Должен сказать, меня покоробила развязность Шалитури, то, что он назвал Нано по имени, без слов «госпожа» или «сударыня». Я заметил, что и Нано была этим задета.
– Я живу в разных местах, батоно Вахтанг, – ответила она, – но больше всего в Тифлисе. Разве обязательно нужно меня замечать?
– Но я адъютант военного коменданта. – Шалитури не сводил глаз с Нано. – Все меня знают, и я всех знаю… Как же я мог вас пропустить!
– Наше счастье, что ты еще не комендант, – как бы выплывая из своих музыкальных глубин, произнес Каридзе.
Шалитури мельком взглянул на него и сказал, отвернувшись:
– Смотрите, совсем как кукушка на стенных часах! Выскочит, скажет «ку-ку» и снова спрячется.
Это сравнение развеселило Элизбара настолько, что, отключившись на момент от музыки, он громко захохотал, но потом опять погрузился в музыку. Нано протянула руку, взяла из вазы яблоко и начала ножом срезать кожуру. А Арзнев Мускиа пристально посмотрел на Шалитури, затем отвел глаза и пожал плечами. Нано почему-то не могла управиться с яблоком, видно, нож попался тупой, ей это, кажется, надоело, и она крикнула:
– Лаз, помоги мне! Разве ты не видишь, как я мучаюсь!
– Давай помогу тебе, – Шалитури стал вырывать яблоко из рук Нано.
Вот это выглядело нагловато.
– Простите, госпожа Нано, я не привык к обществу дам и могу ошибиться, – сказал лаз, щурясь, но при этом чуть-чуть покраснел.
Нано отвела руку Шалитури и передала яблоко и нож Арзневу Мускиа.
– Вахтанг, сколько тебе лет? – спросил я Шалитури, желая намекнуть ему, что нужно вести себя приличнее, хотя бы потому, что он моложе других.
Шалитури очертил пальцем линию от меня к лазу и Нано и сказал:
– Я младше вас, ну, лет на десять, – и громко и самодовольно засмеялся.
Я понимал, что именно мы трое вызывали раздражение Шалитури, и он старался нас задеть.
– Какой он, оказывается, юный! – отметил Каридзе.
– Я думаю, разница больше, батоно Вахтанг! – сказала Нано. – Мне тридцать шесть лет.

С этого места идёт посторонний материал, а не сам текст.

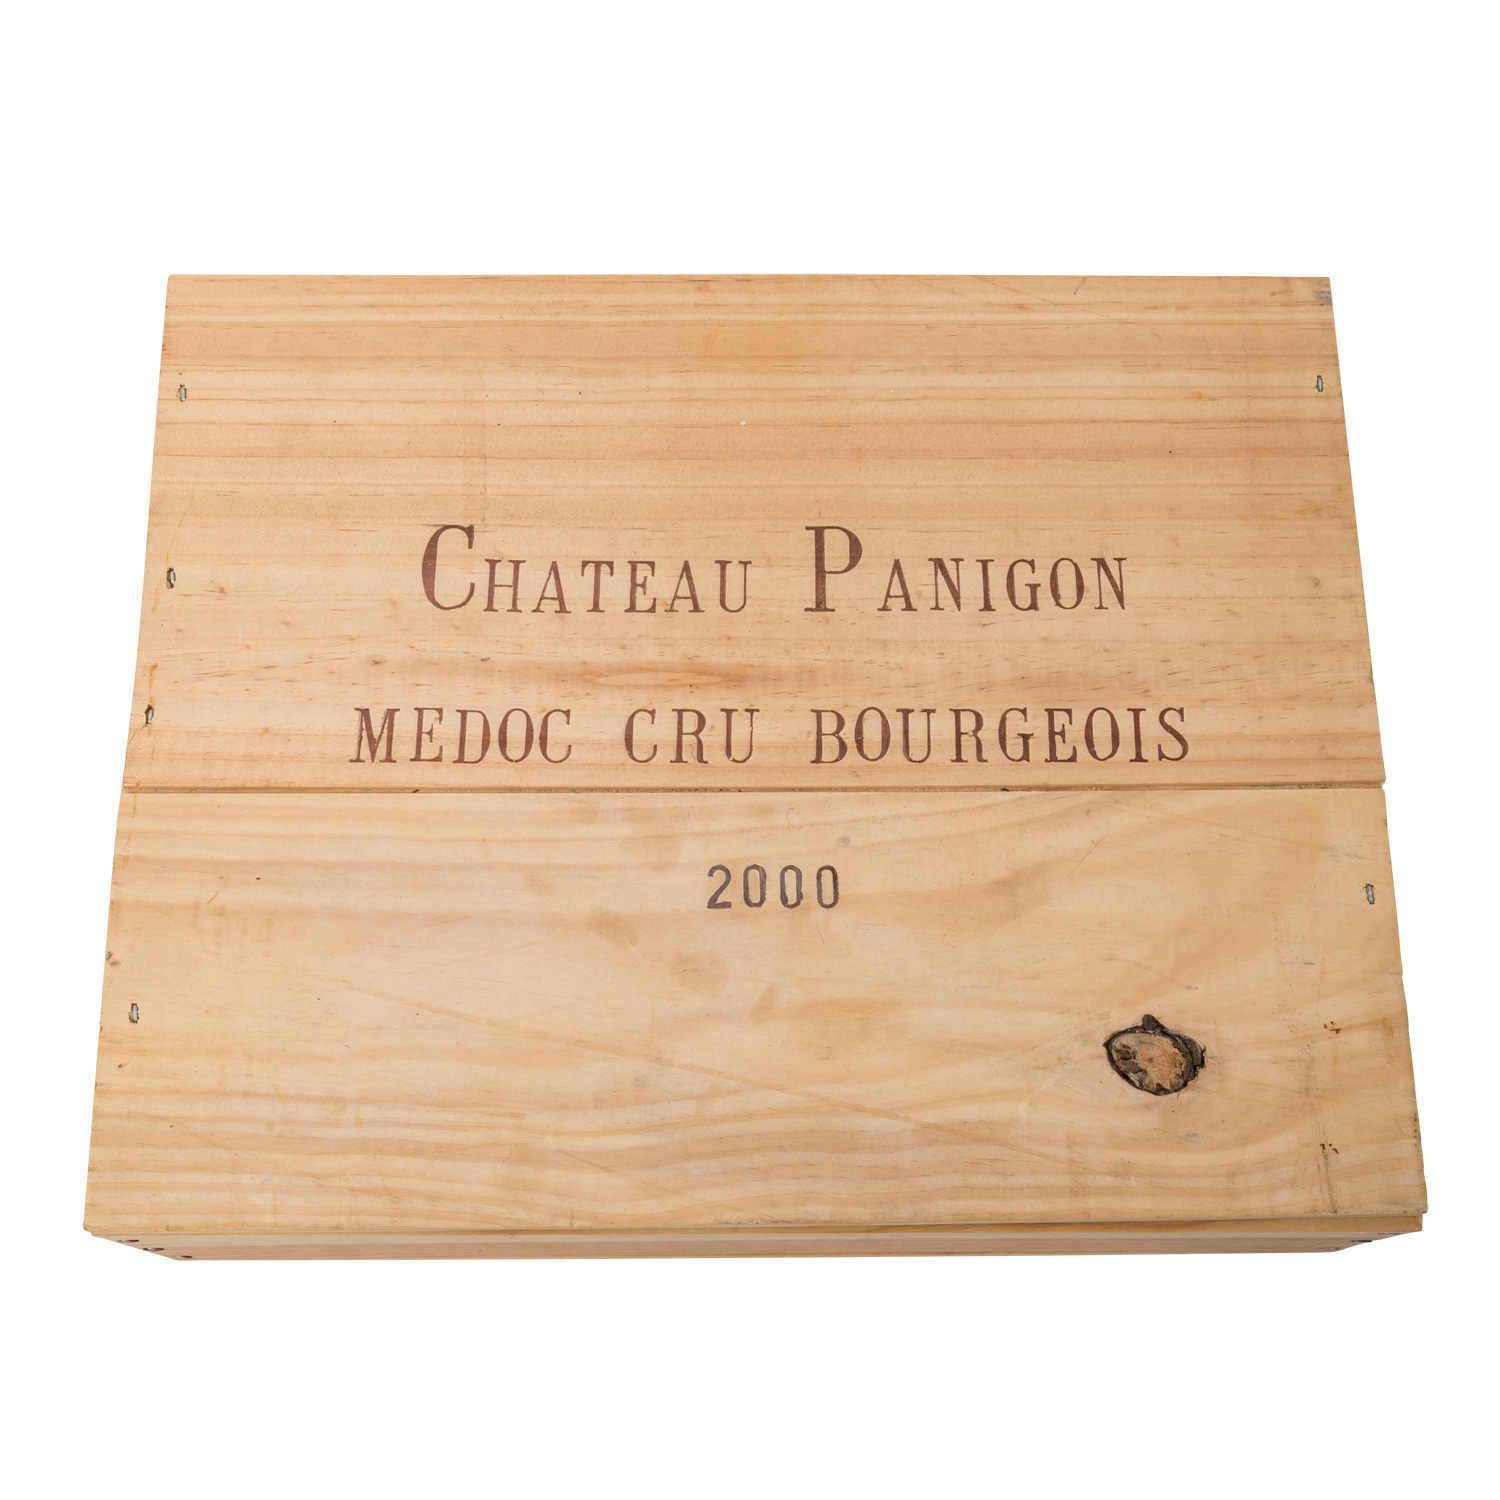 CHÂTEAU DE PANIGON 2 Flaschen MEDOC in ungeöffneter Holzkiste, 2000Cru Bourgeois, Re - Image 2 of 2

Сандро Каридзе с изумлением взглянул на Нано.
– Вам двадцать пять, – уверенно сказал Арзнев Мускиа. – Больше никто не даст.
Я был согласен с ним, он прав, Нано на самом деле двадцать пять лет.
Шалитури тем временем не унимался.
– Женщина всегда женщина, – объявил он. – Пусть у тебя острый язык, но немытые руки, она все равно захочет, чтобы яблоко очистил ты.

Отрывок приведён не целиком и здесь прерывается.